Activity.
Look in the material below for the line holding "Castle Arts Themed". Set it down exactly, with each later line up to and including the line holding "Aristocrat Red Printed".

Input material.
☆ ☆ ☆ ☆ ☆ ☆ ☆
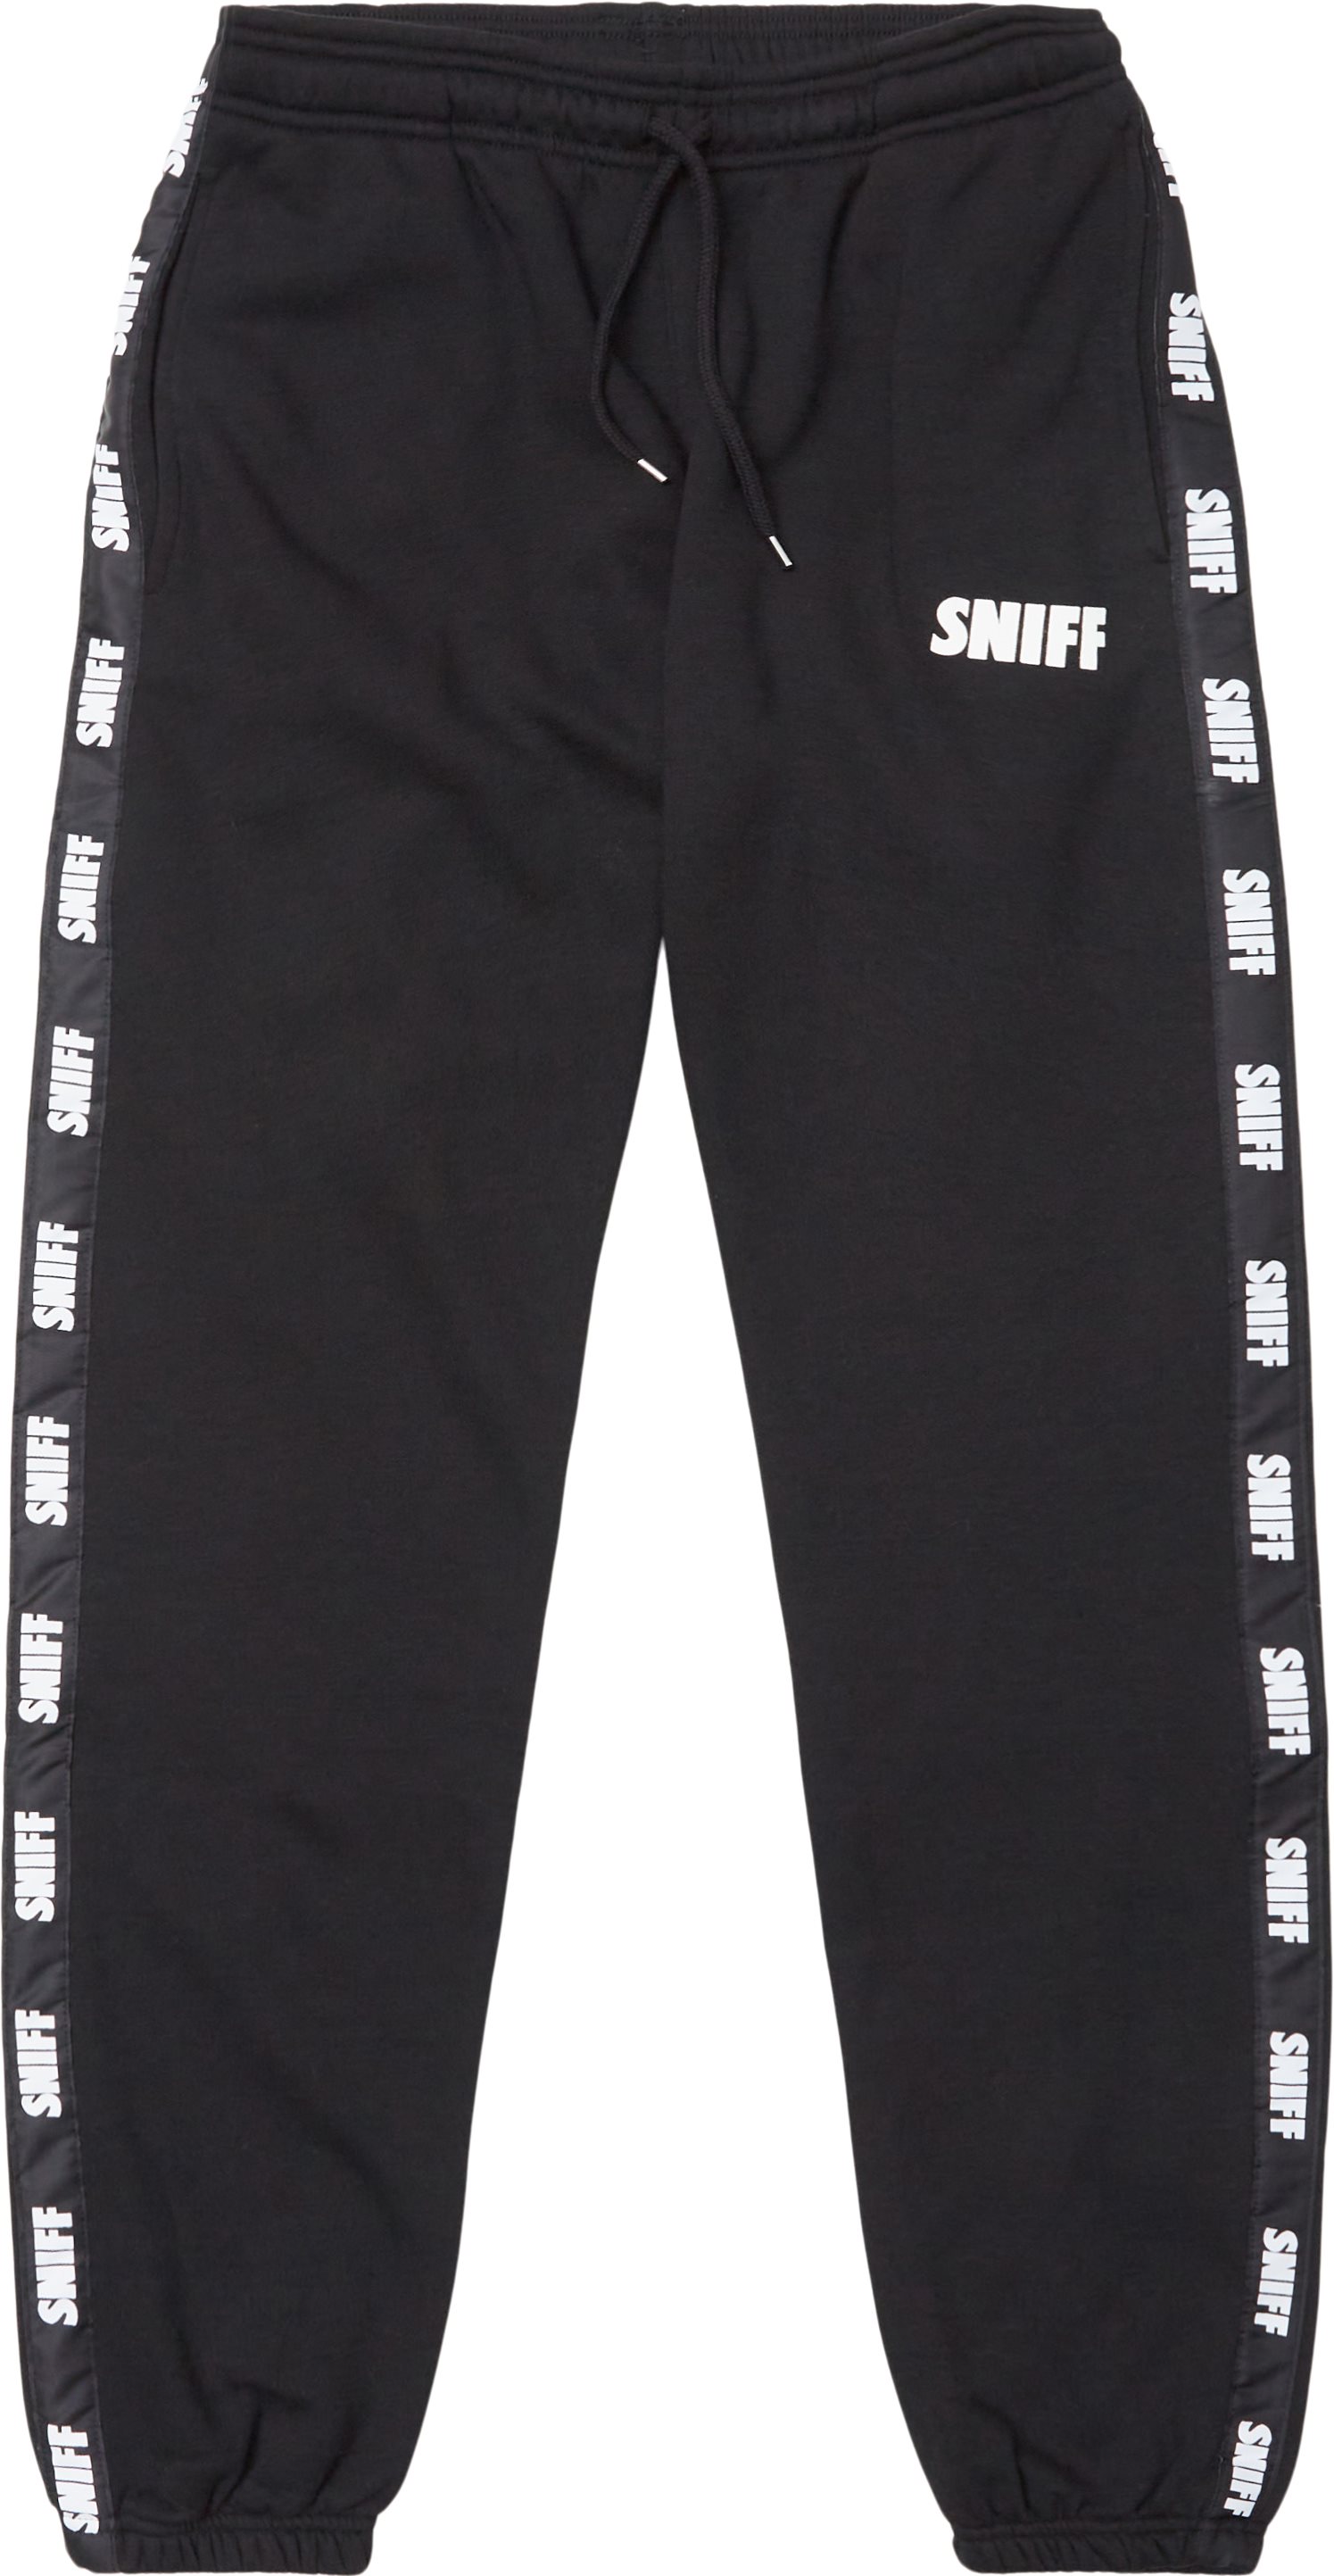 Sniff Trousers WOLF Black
☆ ☆ ☆ ☆ ☆ ☆ ☆
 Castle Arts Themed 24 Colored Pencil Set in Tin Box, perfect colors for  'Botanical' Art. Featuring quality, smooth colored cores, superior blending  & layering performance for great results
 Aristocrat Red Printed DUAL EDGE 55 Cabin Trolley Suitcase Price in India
☆ ☆ ☆ ☆ ☆ ☆ ☆
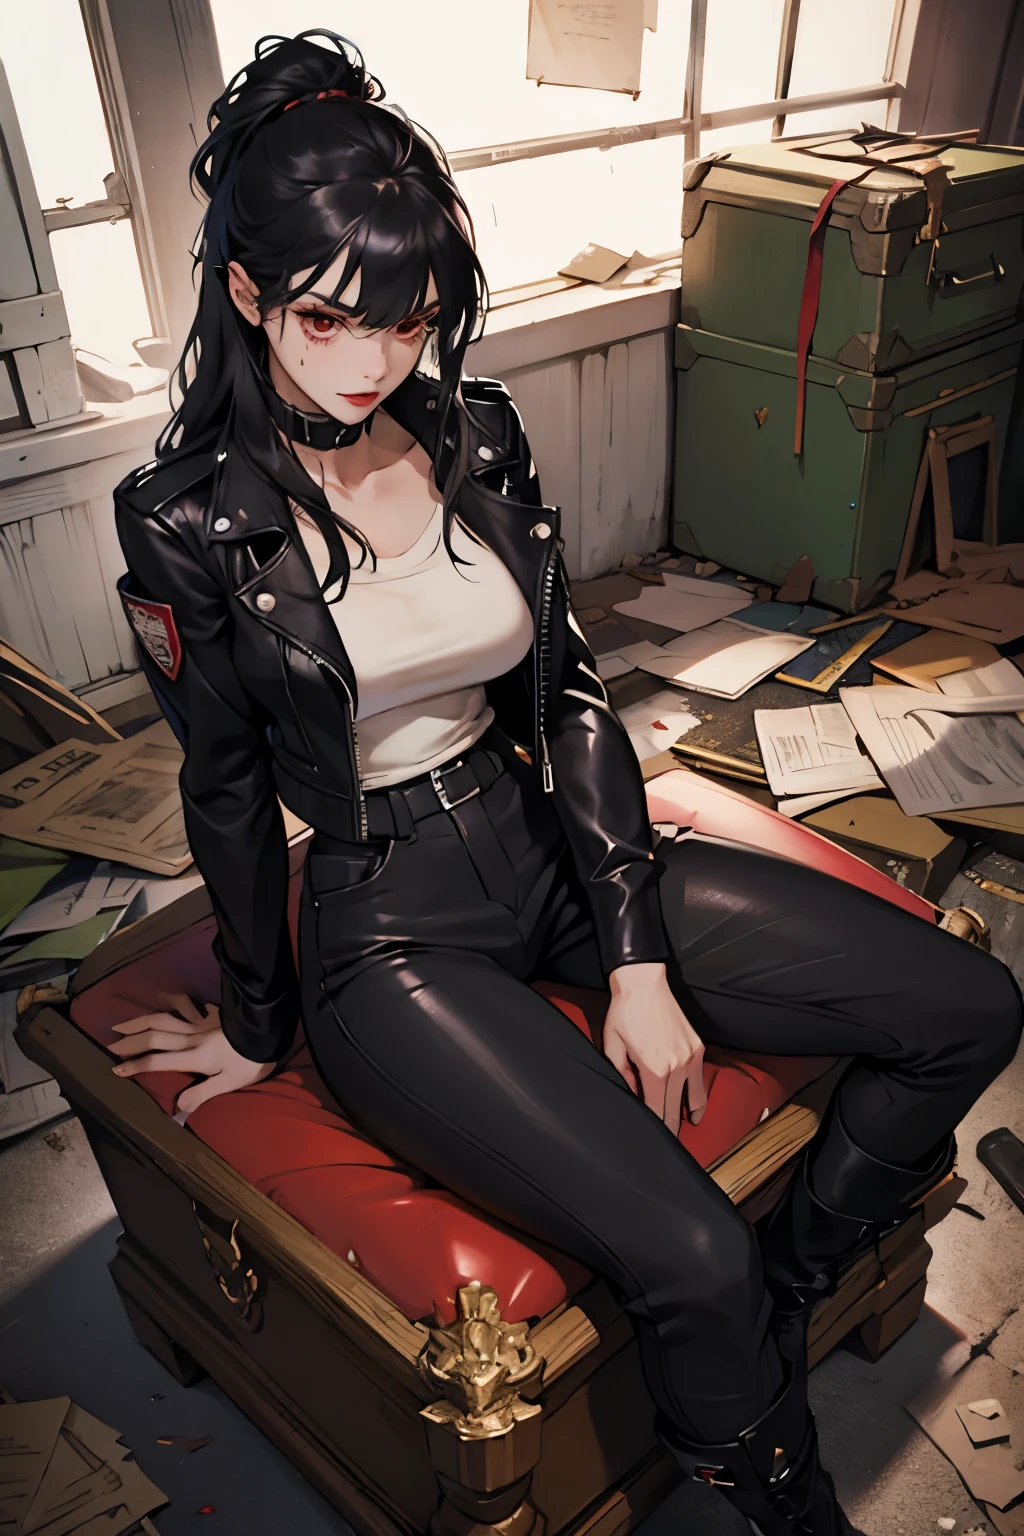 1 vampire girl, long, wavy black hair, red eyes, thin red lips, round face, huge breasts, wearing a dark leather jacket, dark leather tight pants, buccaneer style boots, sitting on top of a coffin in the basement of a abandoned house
☆ ☆ ☆ ☆ ☆ ☆ ☆
The completed task.
 Castle Arts Themed 24 Colored Pencil Set in Tin Box, perfect colors for  'Botanical' Art. Featuring quality, smooth colored cores, superior blending  & layering performance for great results
 Aristocrat Red Printed DUAL EDGE 55 Cabin Trolley Suitcase Price in India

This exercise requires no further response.